Thanks for the compliment about the pup Don. The truth is she is a puppy with normal working drives, not over the top or extreme at all. In fact when she is not working she is very calm, almost lazy. In the kennel or a crate its like she doesnt even have a pulse, she just rests quietly. I prefer dogs with good resting character when they are not working.


----------



## Bob Scott (Mar 30, 2006)

One of my GSDs has always had a good off switch. The other had to learn it, but he DID learn it! Both have excellent drive for sport of just games.
Even my crazy, nucking futs, little earth dogs (they aren't called mini-mals for nothing) learned to shut it off as they were all house dogs. The off switch can be a learned behavior with many dogs!


----------



## Don Turnipseed (Oct 8, 2006)

Joby Becker said:


> I GOT IT... WHAT if the same dog was wound tight for a rat climbing all over YOU, is that good then?


That'll windem up every time....just throw them rats over the fence now.


----------



## James Downey (Oct 27, 2008)

Don Turnipseed said:


> Not at all Joby, I am saying it diesn't really matter how I use it if the dog really has prey drive.....


 
Now your thinking like a Malinois guy....Shepherd people are not going to be so easy to persuade with this argument.


----------



## Debbie Skinner (Sep 11, 2008)

Cute video Don.

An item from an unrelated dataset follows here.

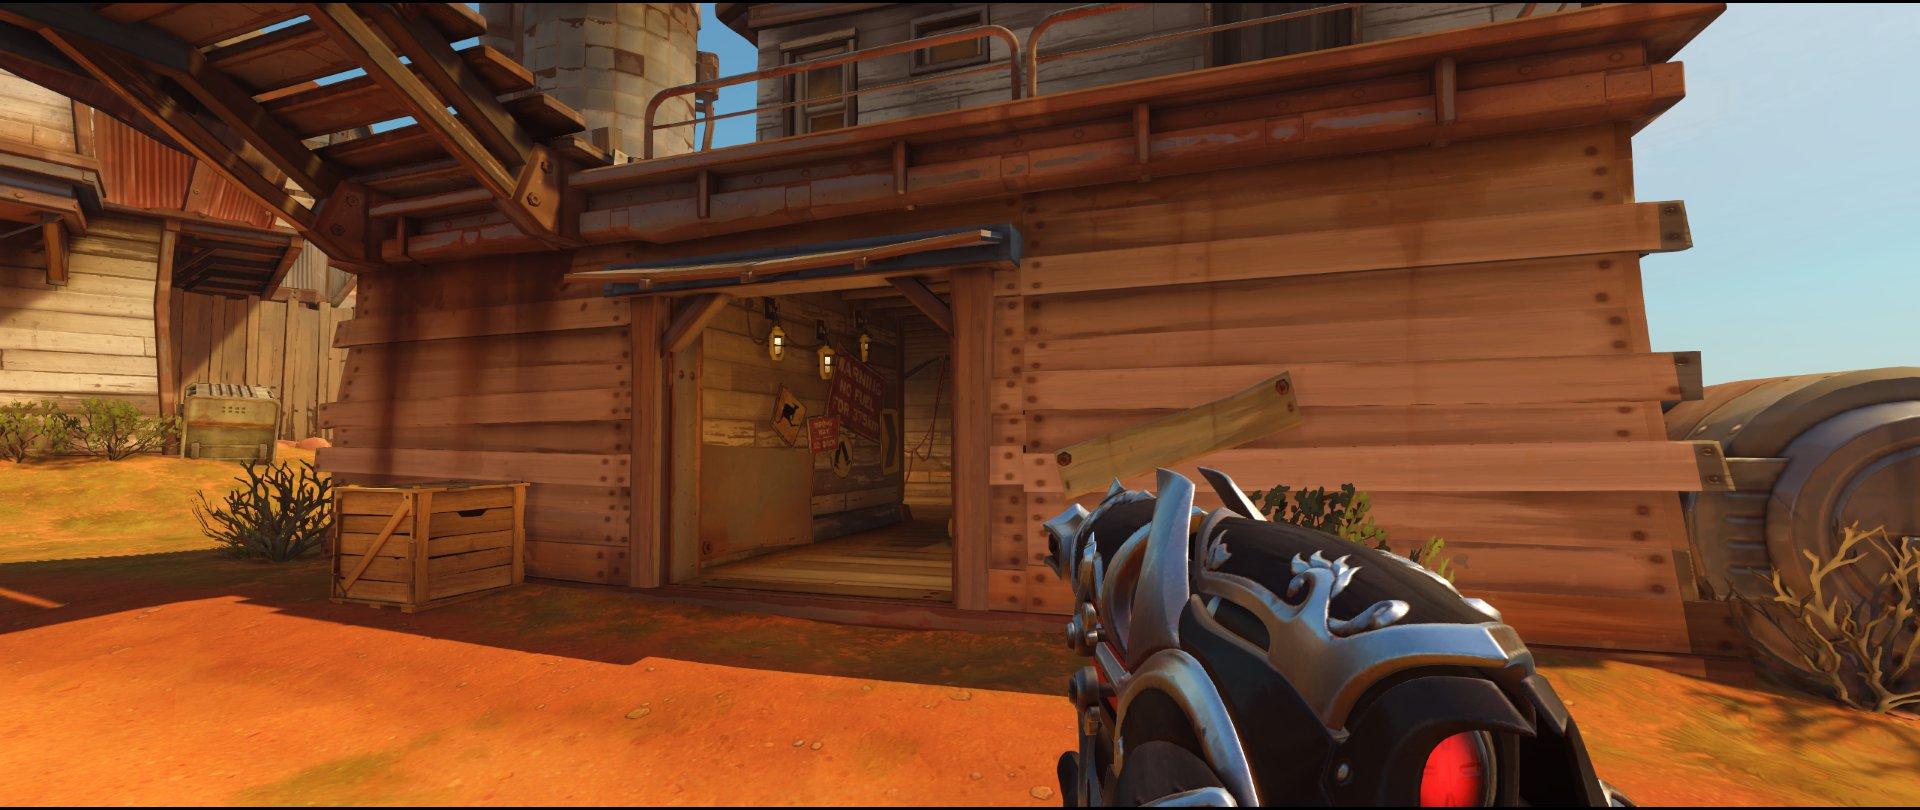 Appartment ground level defense Widowmaker sniping spot Junkertown.jpg

I enjoy seeing the different breeds. Reminds me a lot of many Beauceron puppies..the way they role around and play with the toy.


----------



## Thomas Barriano (Mar 27, 2006)

Bob Scott said:


> To quote Bernard Flinks on flirt pole/tug work
> "The rabbit does not jump into the dog's mouth. The dog has to work for it!"


Ah yes Flinks famous "suicide rabbit"


----------